Data ▸
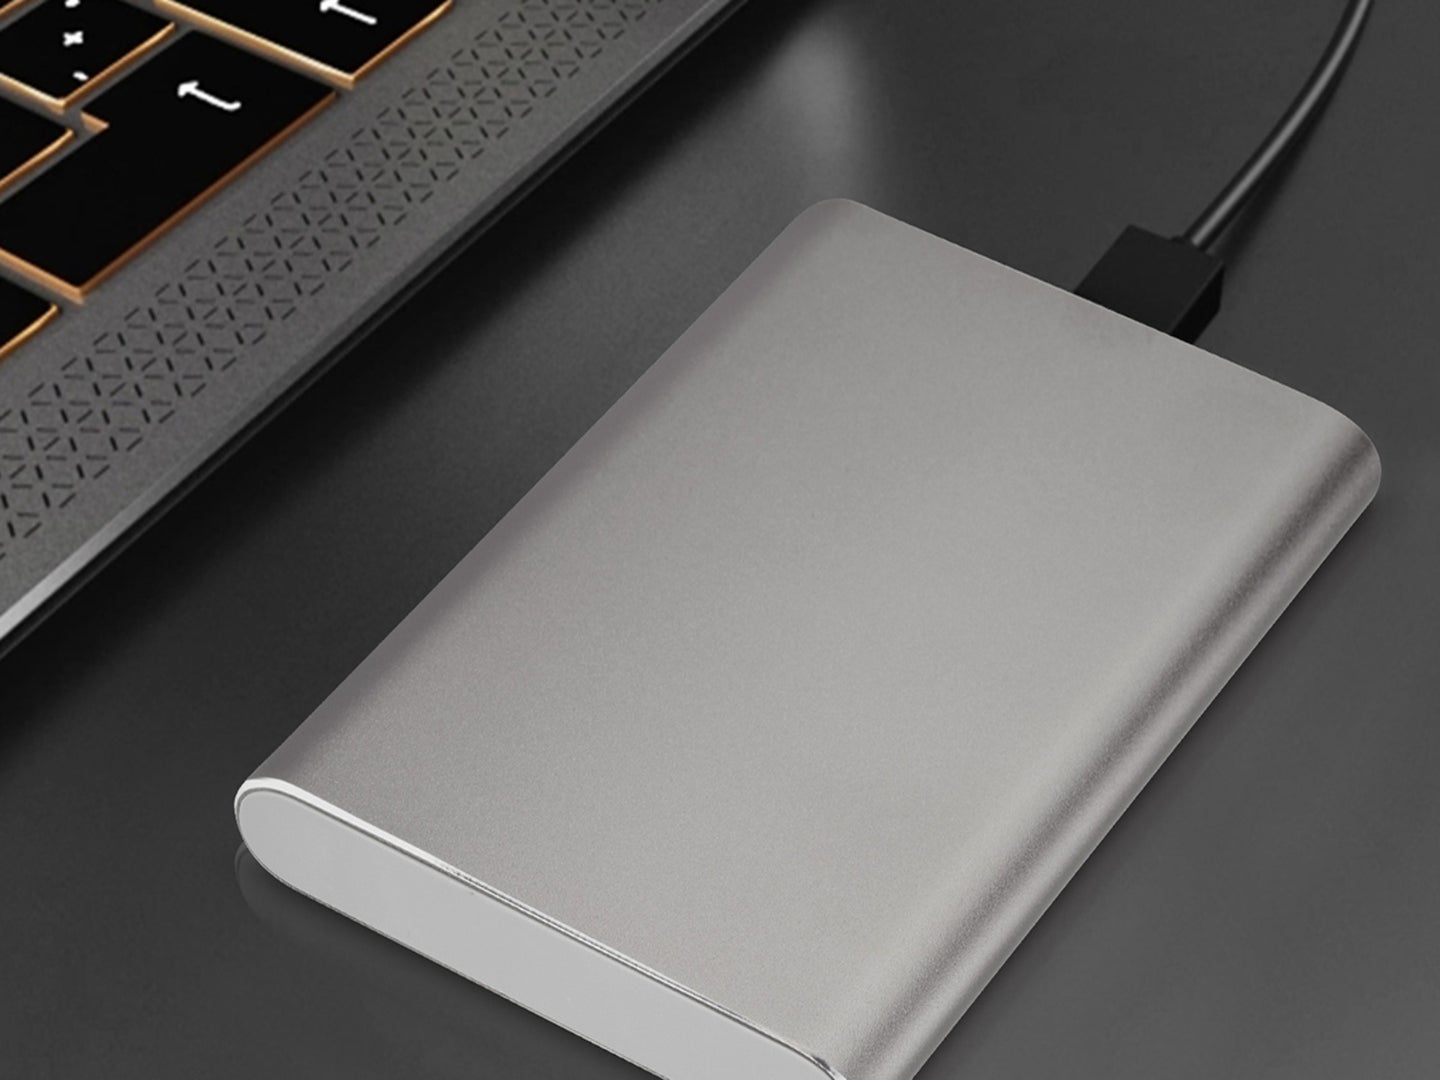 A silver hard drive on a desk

--

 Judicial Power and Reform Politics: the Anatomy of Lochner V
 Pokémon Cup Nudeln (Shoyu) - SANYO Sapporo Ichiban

==

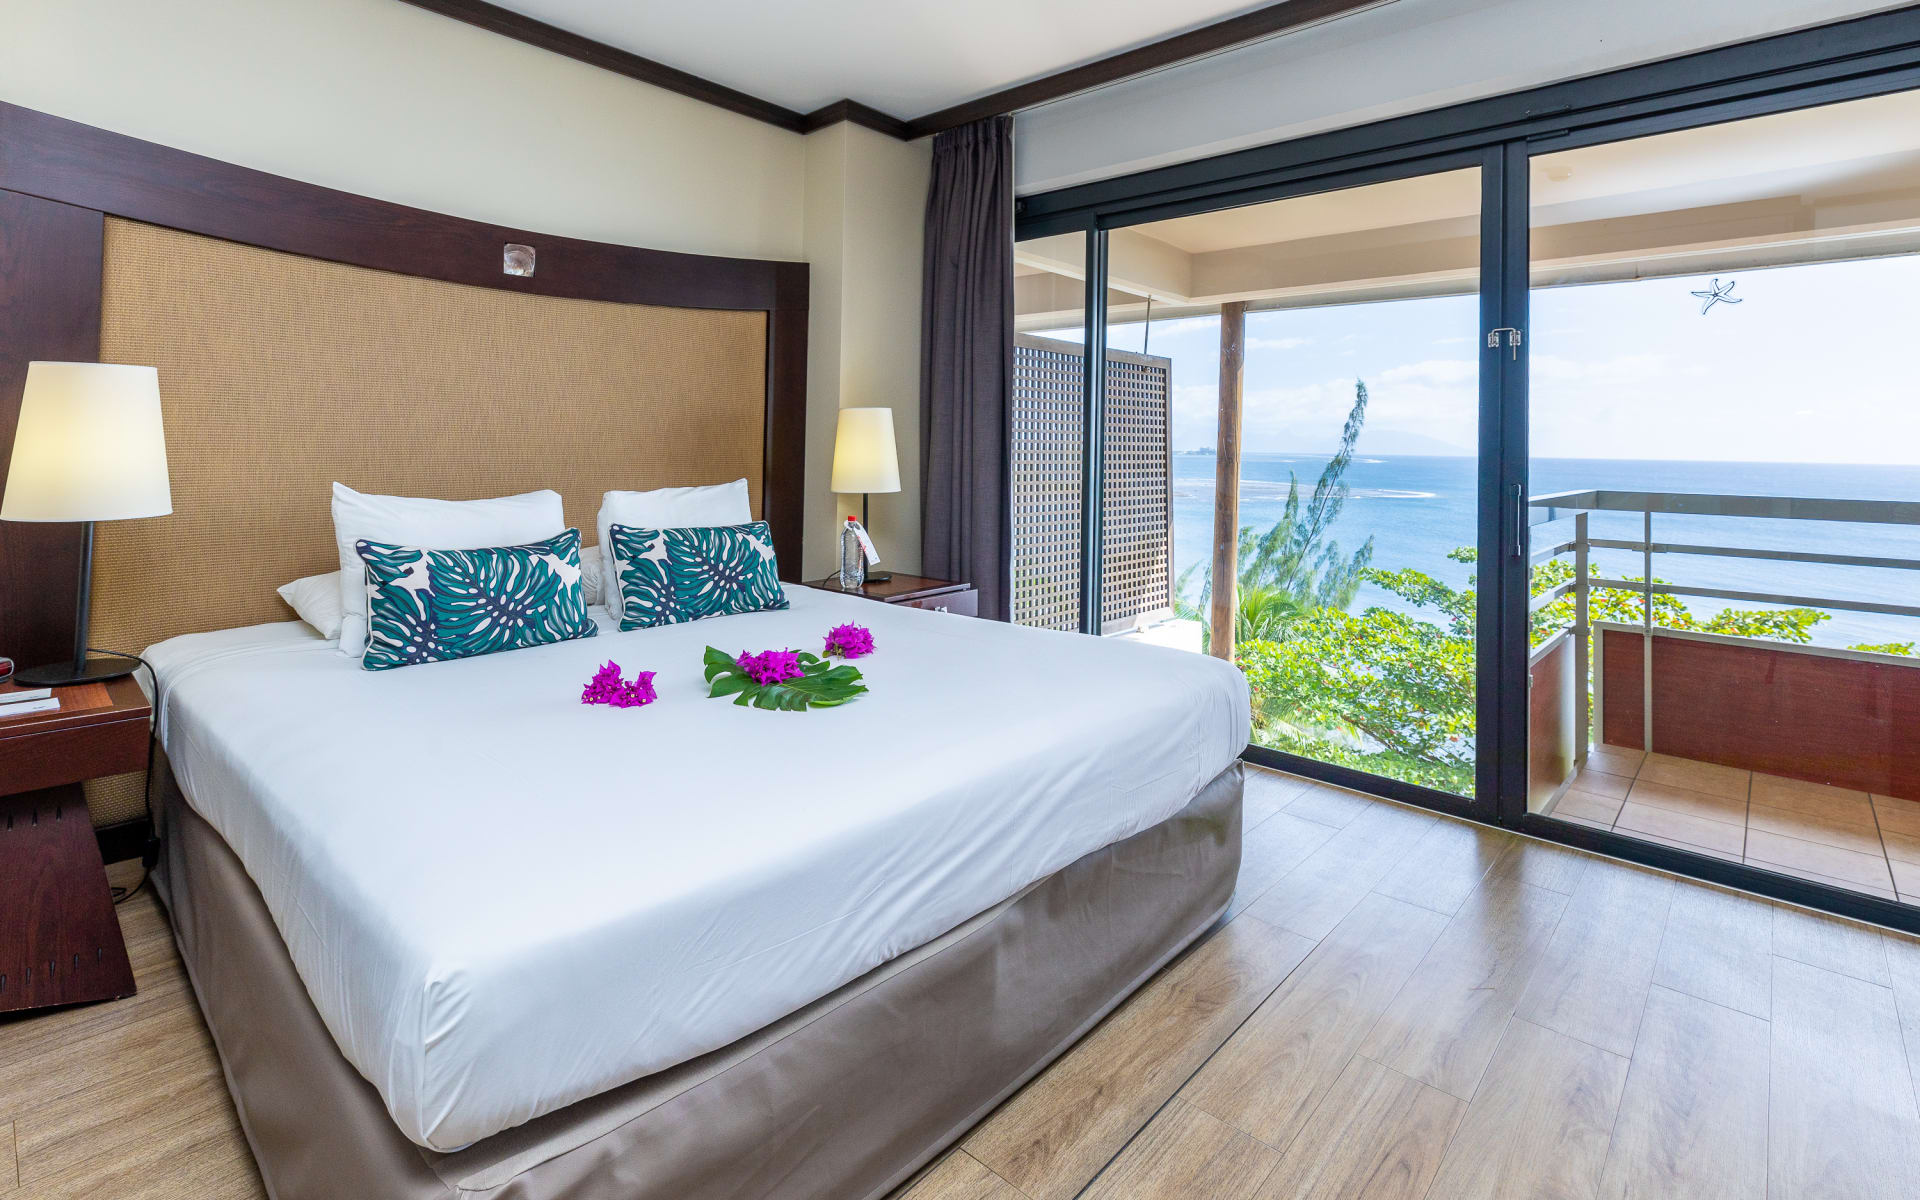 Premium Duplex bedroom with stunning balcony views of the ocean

Exercise goal ▸ Copy word for word the stretch of entries above from the line that has "Judicial Power and" through the line that has "Pokémon Cup Nudeln", both ends included, and nothing outside it.

Answer section ▸
 Judicial Power and Reform Politics: the Anatomy of Lochner V
 Pokémon Cup Nudeln (Shoyu) - SANYO Sapporo Ichiban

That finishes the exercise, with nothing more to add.